So Conner has slept in the same bed with me since he came home from the hospital, give or take a few nights. I usually put him down at night in his own crib and then go get him on his first wake-up or sometimes when I am going to bed (simply because I am lazy and don't want to have to get up in 25 minutes, when he decides it time for a snack.) I love sleeping with him. Feeling his little warm body all snugly. The way he pats my face when he wakes up (or sticks a finger in my nose). The smile he has when he wakes up. Not having to get out of bed since he still nurses 2-3 times a night. It just makes me feel good.
However, I am still hearing the "thunk" he made when he went off our California king bed unto the floor. I don't think I will ever get that sound out of my head. It hurt my heart way worse than it did him.

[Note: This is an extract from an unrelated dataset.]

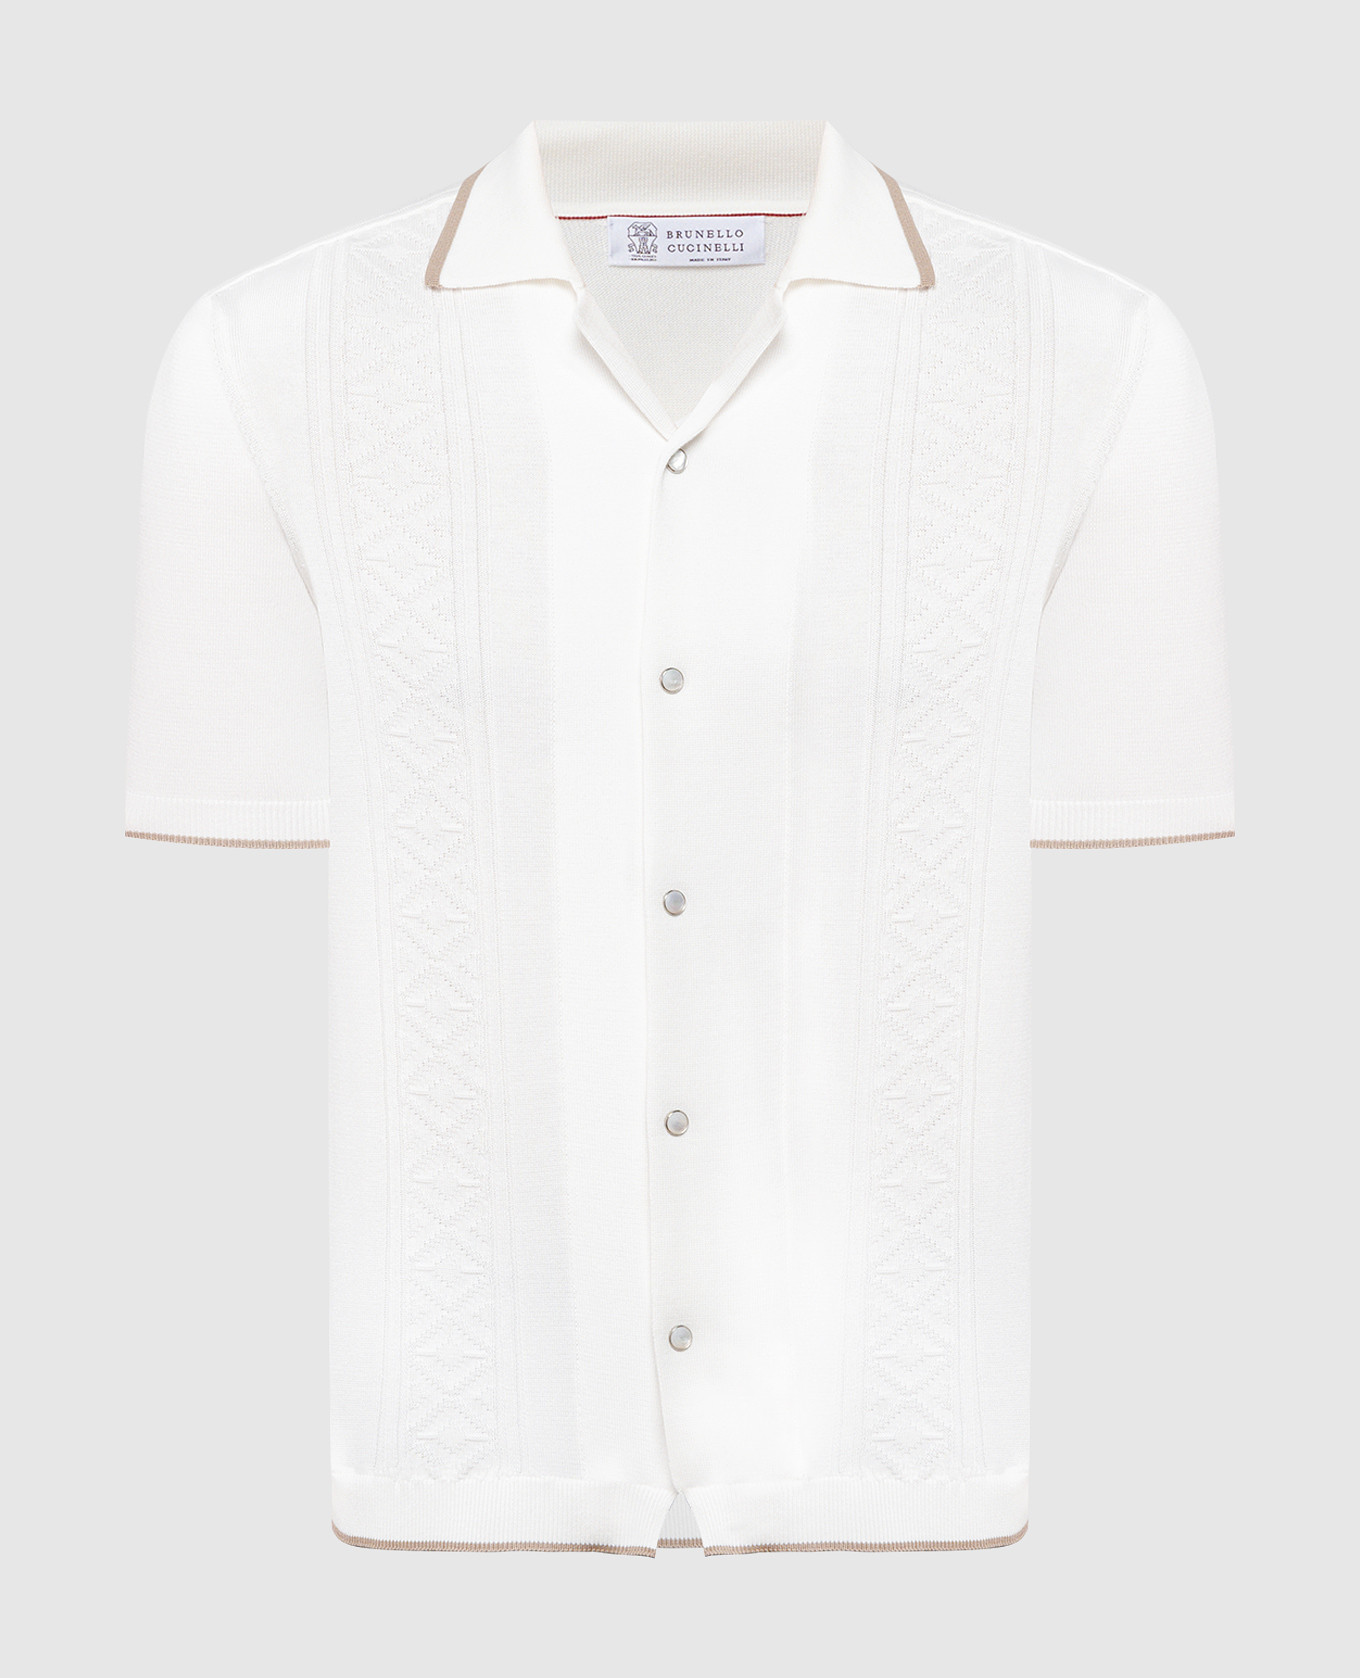 White shirt in a textured pattern

In fact, he was laughing minutes after it happened and was trying to eat the frozen waffle I was putting on his teeny boo-boo. But I still felt awful. I knew it was coming as he is getting very active in his sleep and I just didn't take the appropriate precautions. This happened a week ago and I know have pillows on the floor and huge barricade on one side of the bed and sleep with my hand on him so that if he moves I wake up. So far it has worked. But I don't want it to happen again.
All last week I tried to work with him at sleeping in his own bed and he is having nothing of it. Now he doesn't even want to go down in his bed and I can only guess it's because I spend all last week trying to keep him in it all night instead of bringing him in with me. He will be sound asleep in my arms and scream when he feels himself touch the mattress. I can't do cry it out. I just can't do it. I don't want to.
I want him with me.
Maybe we should just buy a king sized crib.